How (and why) U.S. Banker Grant Evavold ran 136.5 miles in three days

December 15, 2020

The marketing campaign analyst and avid runner raised money for a nonprofit combatting human trafficking.

Two days and three marathons into a weekend-long, 136.5-mile run, Grant Evavold found himself relying on highway mile markers and Minnesota moonlight to make up for the dead watch on his wrist and dead lamp on his forehead.

Sure, it wasn’t the Boston Marathon or any of the other cancelled races that Evavold had planned to run this year. But, eight months into the pandemic, the scene felt fitting. 

“It was a beautiful night, really,” he said. “And, you know, I was about as socially distanced as you can get.”

Evavold, a 12-time marathoner and a marketing campaign analyst at U.S. Bank, designed the solo run from his home in the Twin Cities to his birthplace of Rushford in rural southern Minnesota. 

His goal was to raise funds and awareness to combat human trafficking. He accomplished both, thanks to supportive family, friends, neighbors, coworkers and a KTTC-TV crew. The more than $2,800 in donations to nonprofit 30 for 

Freedom he received will fund nearly 1,000 days of care for victims. 
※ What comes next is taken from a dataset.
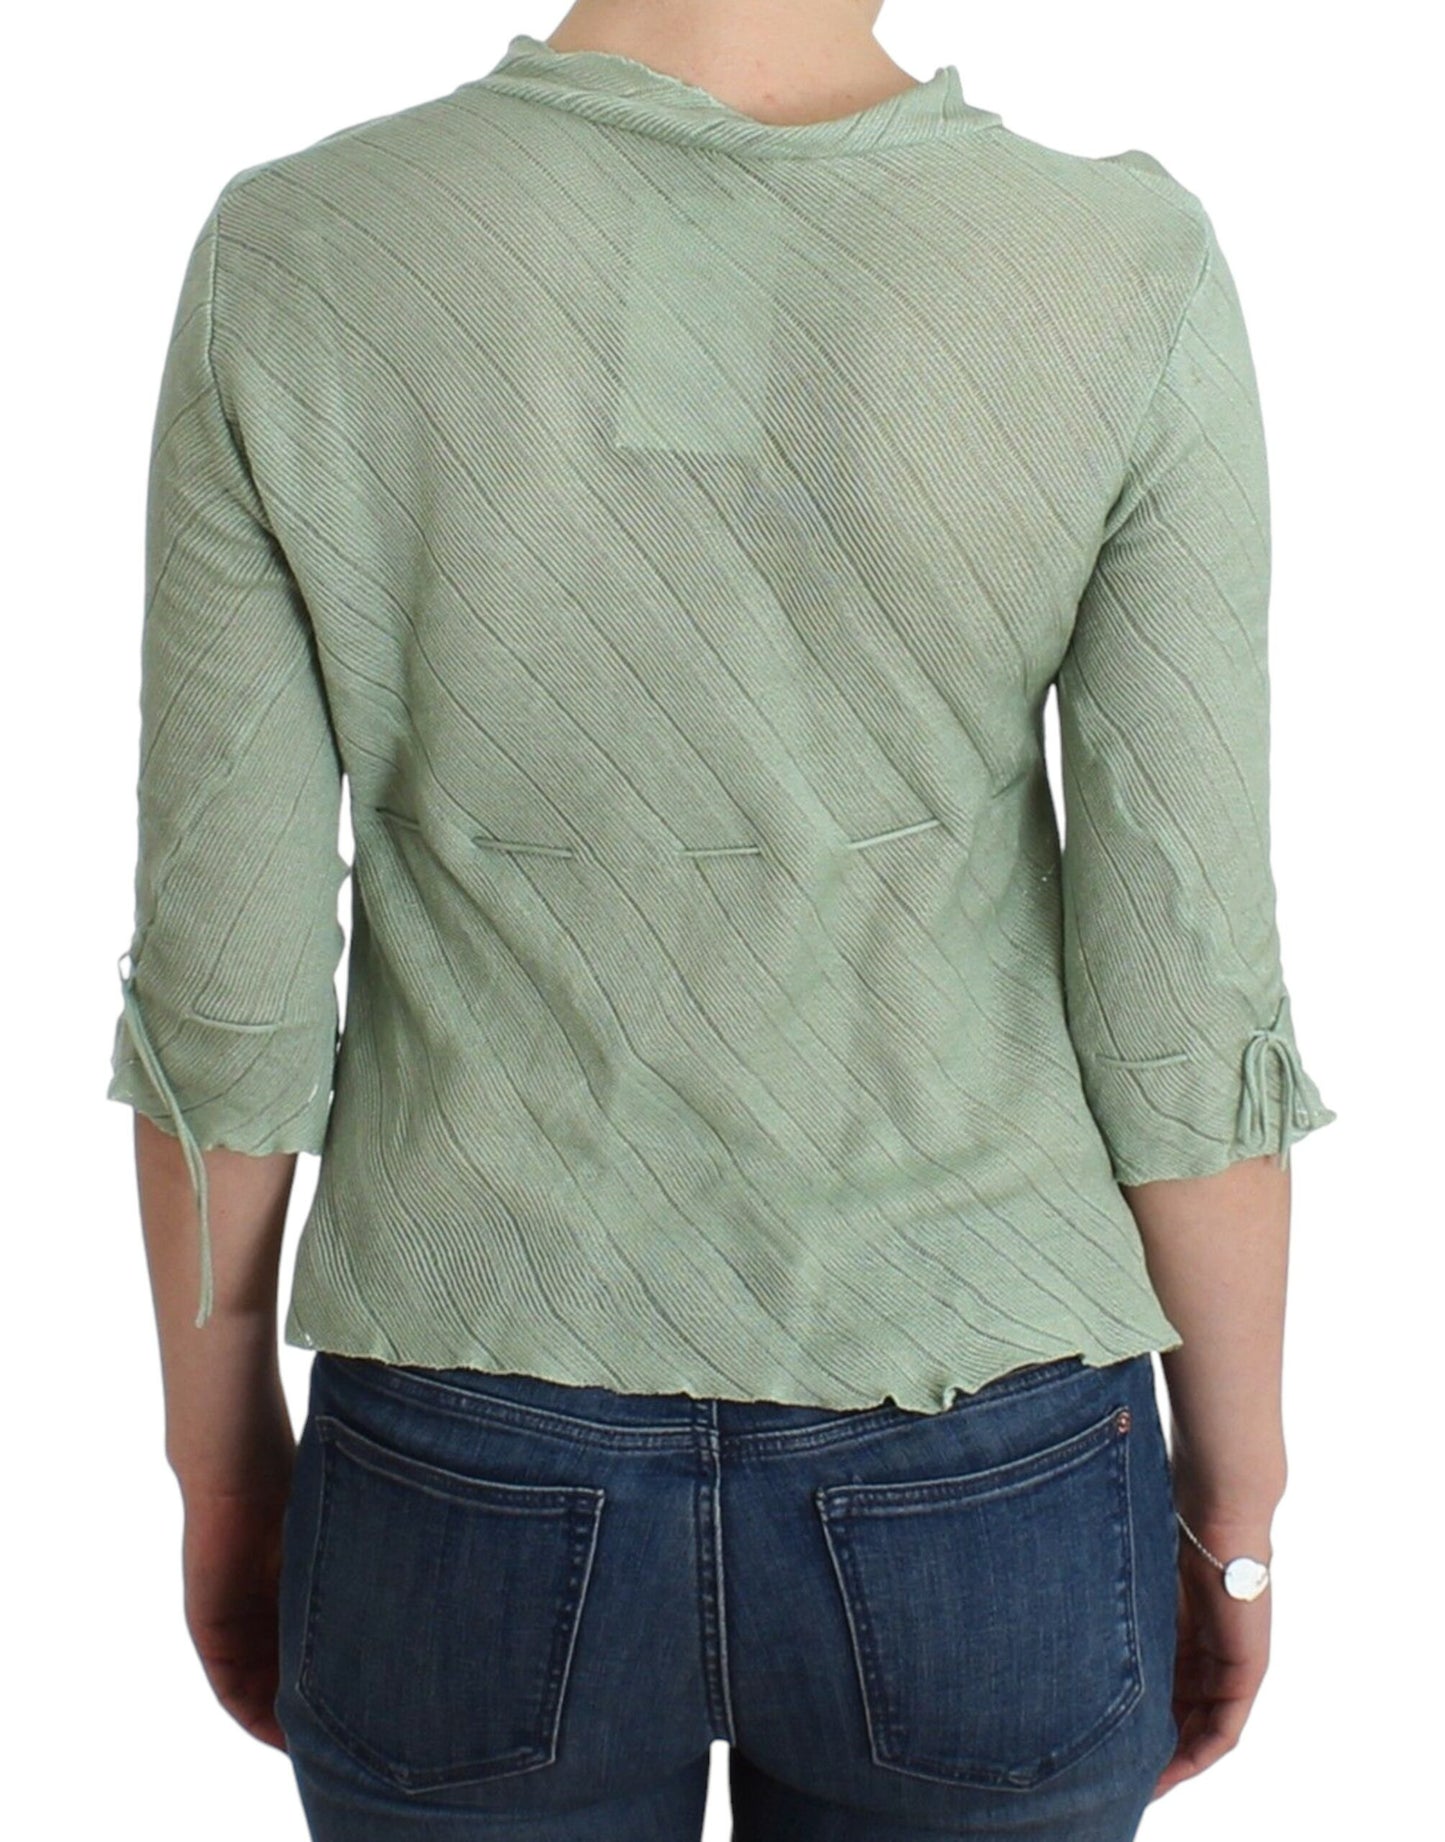 Ermanno Scervino Chic Green Knitted Top – Ethereal Elegance

“Human trafficking is a tragedy and one of the human rights issues of our time,” he said. “When the miles got tough, I would think about the cause and the victims.”

This kept Evavold motivated over the three days, as did thoughts about his faith (he cites Hebrews 12:1-2 as a metaphor for both running and life) and his father who was in the hospital battling COVID-19 (“He thinks I’m crazy and was concerned about MY health,” Evavold smiled).

Of course, motivation aside, there are also the logistical challenges of running across a state. Evavold, whose marathon pace is just over a 7-minute mile, varied from 9-minute (“too fast” on day one) to 13-minute miles. He packed extra base layers for when the sun went down. After and before 10-hour days, he recovered in hotel pools and warmed up in hot tubs. And as is key to ultramarathons, he made a point to eat early and often.   

Evavold also segmented the run with the help of an informal, last-minute sponsorship from his go-to convenience store, locally based Kwik Trip. 

“I thought, ‘Is there any kind of partnership I can do with Kwik Trip, to help break the trip into manageable chunks?’” said Evavold, who has a bachelor’s degree in marketing and an MBA. “Then I reached out to their marketing department and apparently caught their interest with a #tourdekwiktrip theme.”

He went to work plotting out his route with the aim to stop at a store about every seven miles to grab a quick snack, which ranged from CLIF energy bars to beef sticks to chicken noodle soup.

“And glazed donuts,” he added. “That was my reward at the end of the day.”

Kwik Trip sent him a pair of branded sweatpants, a pouch for supplies and, importantly, a $100 store gift card to fuel the run. The 20th and final Kwik Trip stop came in Rushford on the Saturday night before Thanksgiving, when Evavold was met by cheering family and friends. As he approached their makeshift finish line tape, he reflected on the 136.5-mile journey.

“It’s given me confidence in looking at life – to be bold, to think big,” he said. “Distance running is a gift I’ve been given and now I was able to use it to help others. It’d be ideal if this could be an inspiration for people to think about how they can use their unique abilities.”

After a Sunday spent horizontally, Evavold went back to virtual work at U.S. Bank on Monday. He joined our company last year in a role focusing on using Agile methodology to help drive digital transformation. He was attracted to banking because of the opportunity to help people with their finances and to adapt to a rapidly changing environment.

“I really respect this company,” said Evavold. “U.S. Bank successfully balances a tradition of financial strength and stability while embracing innovation to help shape the future of the banking industry.”

He then nodded to the intersection of his professional role and personal passion.

“This is a place where you can move fast and make a difference.”